Transcribe the listing verbatim, please, with images dropped.

-- Provided data follows --

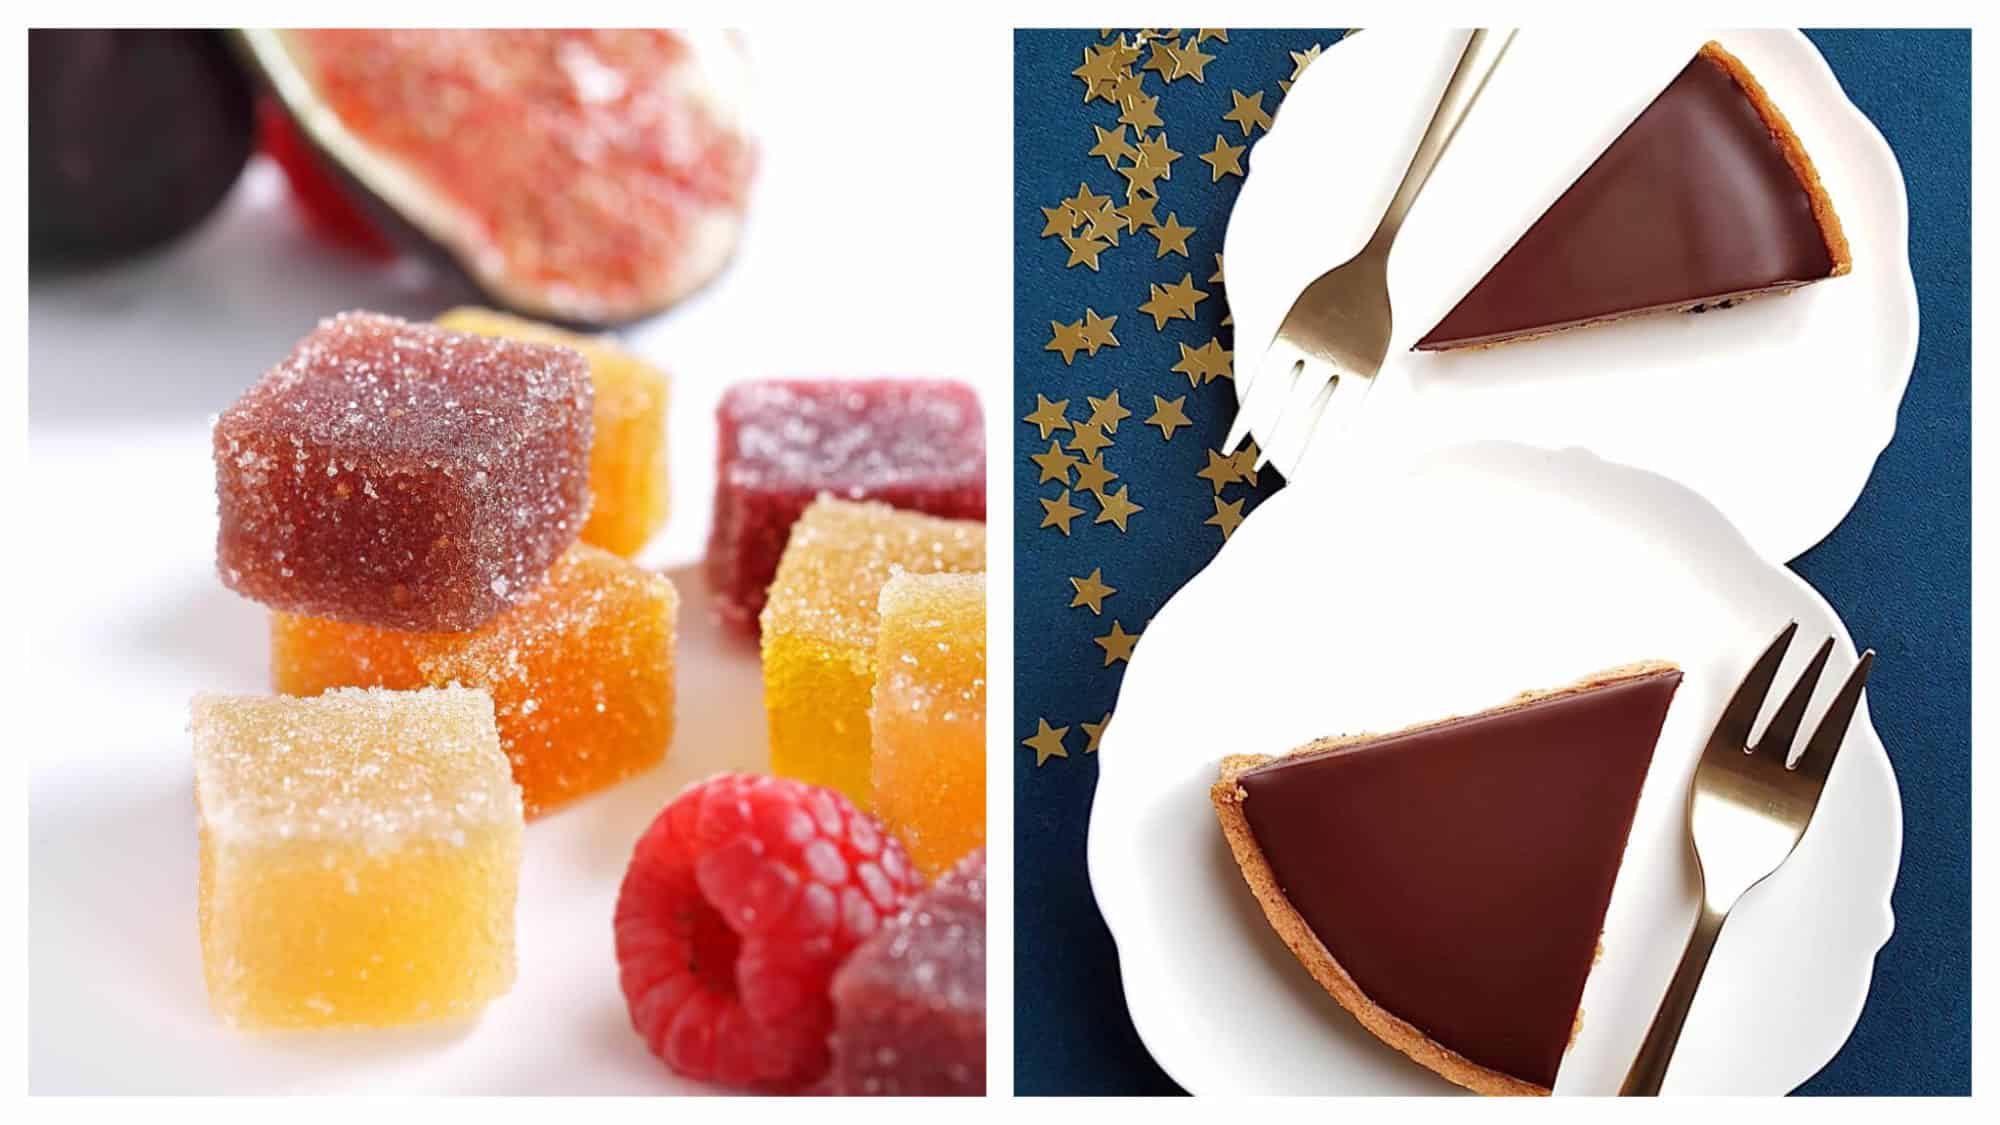 Left: Chocolaterie Online's fruit pastille's
Right: La Maison du Chocolat's tarte au chocolat 
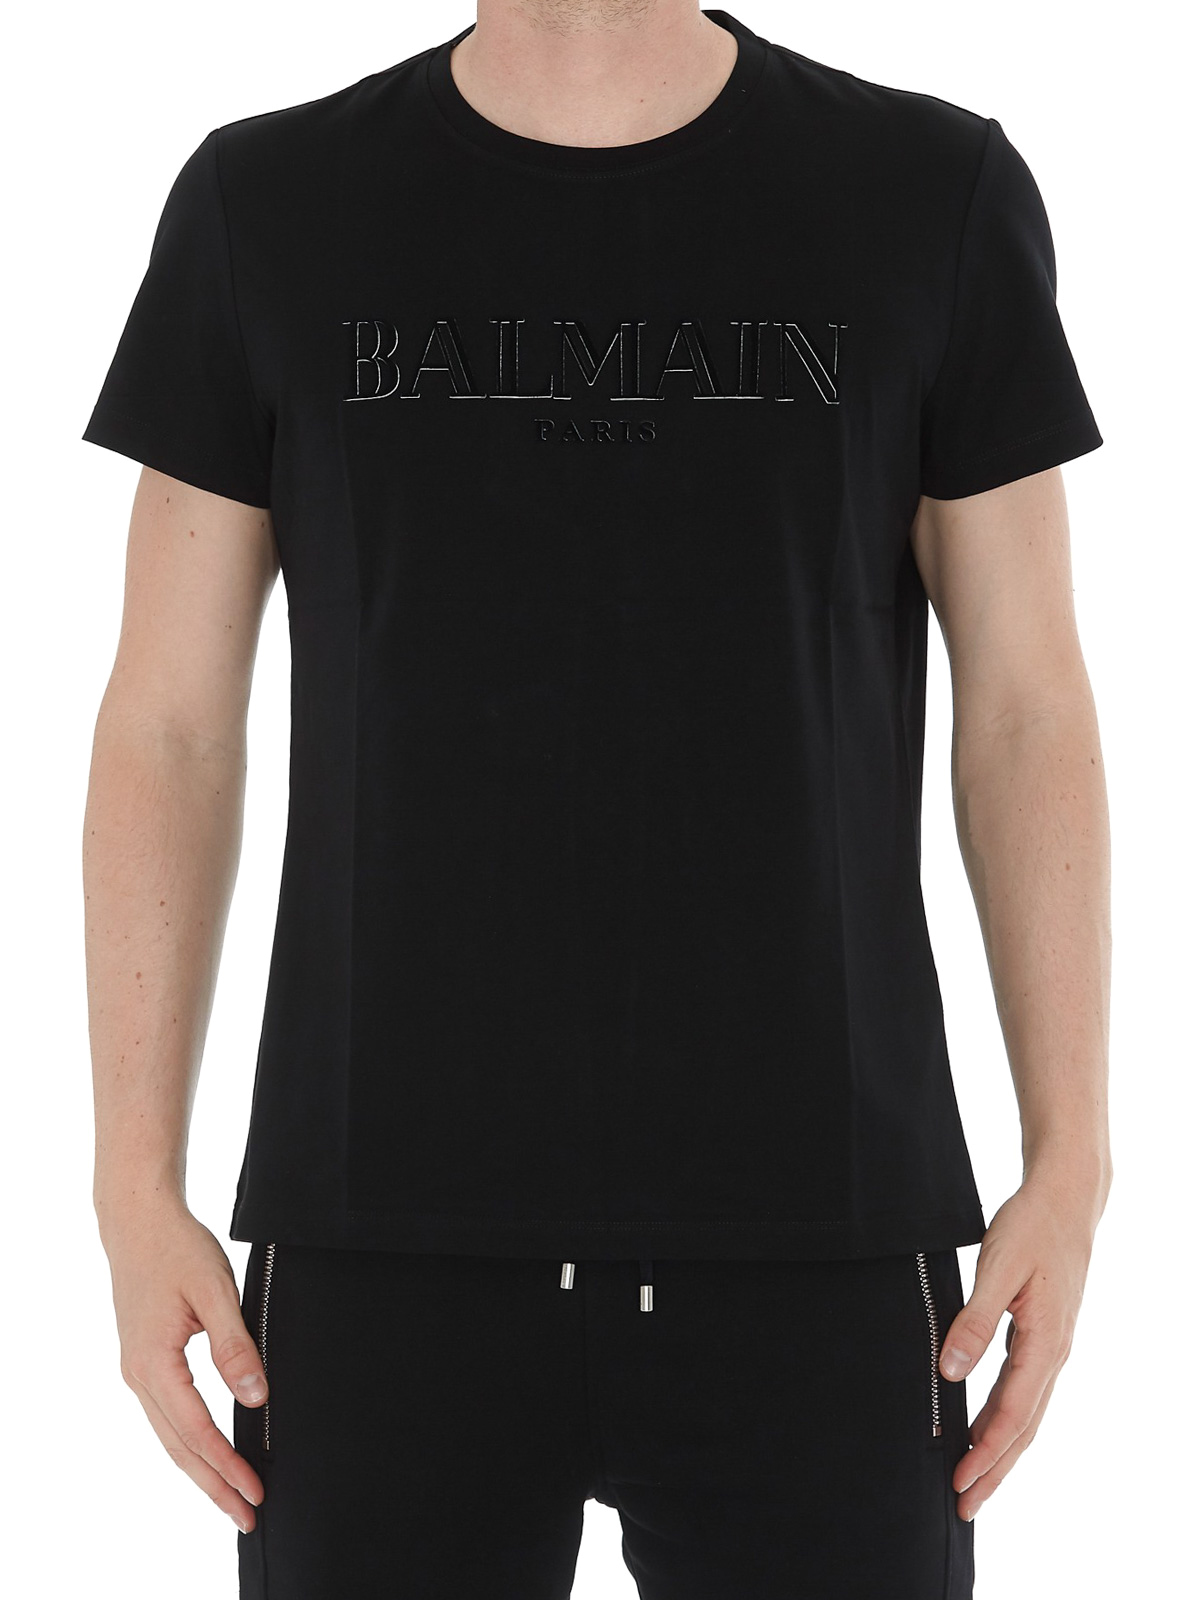 balmain shirt black

-- Provided data concluded --

◆ Written response
 Left: Chocolaterie Online's fruit pastille's
Right: La Maison du Chocolat's tarte au chocolat 
 balmain shirt black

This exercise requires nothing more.